Neurovascular Biology Research Group
Neurodegenerative disease and stroke continue to be leading causes of morbidity and mortality in the population, and the cost to families, society and the health care system cannot be overestimated. Significant progress has been made in dissecting the molecular pathways leading to synaptic pathology in neurodegenerative disease and post-stroke reorganization. However, translation of these results into clinically effective treatments remains a major challenge for the neurological disease community today.

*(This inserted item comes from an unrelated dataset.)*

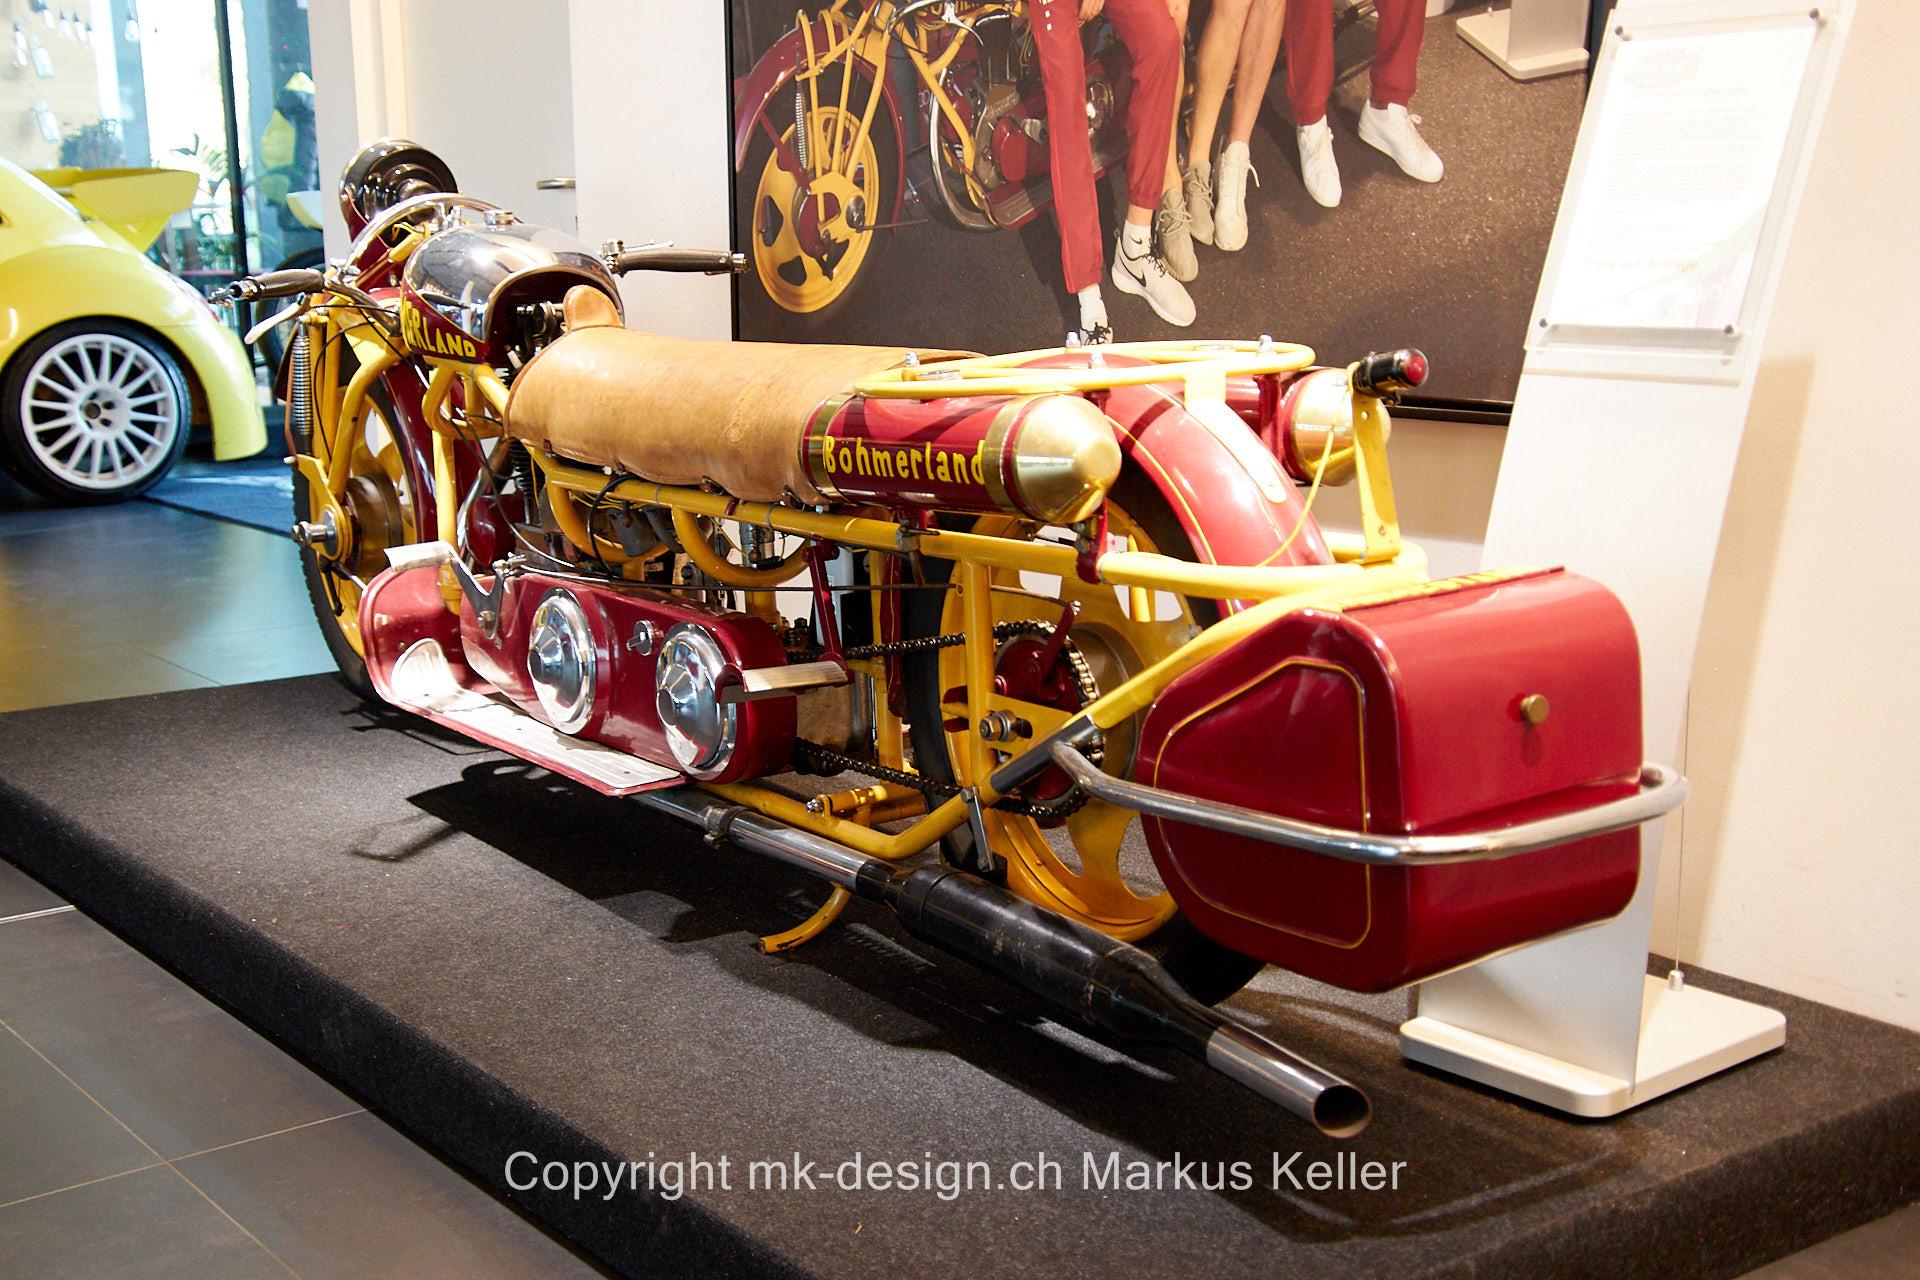 Motorrad   Böhmerland

The progress in translating basic science findings to clinical practice has been significantly compromised by major differences in the level of description of the physiological phenomena in animals and human studies. As such, most of the available data from mouse models of neurological disease reflect single-cell behavior in cell culture or isolated tissue preparations. However, the health of neurons in the intact brain depends not only on neuron-to-neuron connections but on functional interactions among the neurons, capillaries, and glia, termed the "neurovascular unit” (NVU).
Therefore, our major goal is to develop and apply new cutting-edge imaging technology for studying neuronal, vascular and metabolic activity within the NVU in live animal models of human disease. The NVU approach provides a more integrative answer to neurological damage, which may be closer to modeling the clinical reality.
The lessons learned from live NVU imaging will contribute to understanding neurodegenerative disorders like Alzheimer’s and Parkinson’s disease, multi-infarct dementia, frontotemporal dementia, amyotrophic lateral sclerosis and trinucleotide repeat disorders, in which a deterioration of neurovascular physiology involving alterations in tissue homeostasis contributes to motor and cognitive decline.
The expertise of our team, which includes neuroscientists, clinicians, physicists, engineers and computational scientists, extends beyond the boundaries of traditional biological and clinical sciences. Accordingly, the innovation falls into multiple categories:
- Development of new technologies for imaging and intervention in animal models of human disease.
- Integration of these imaging technologies with novel genetic tools for measurement of vascular and metabolic activity following controlled manipulation of neuronal circuits.
- Application of new imaging tools to basic biological questions of neurovascular physiology in healthy brains and neurovascular pathology in neurological disease and stroke.
- Development of computational frameworks directly applicable to clinical studies.
Imaging studies in animal models of human disease is necessary to establish a defined set of functional markers characterizing the progression of neuropathology. The outcome measures guide the development of novel therapeutic, preventive and diagnostic approaches.
UC San Diego's Neurosciences Department is uniquely positioned to train a new generation of young scientists and clinicians as it combines world-class experts in basic and clinical neuroscience and has a stellar track record in research on neurodegenerative disease. The Neurovascular Special Interest Group is a broad trans-disciplinary collaboration bringing together the necessary expertise and creating a framework for training new generation of scientists capable of interacting across traditional boundaries.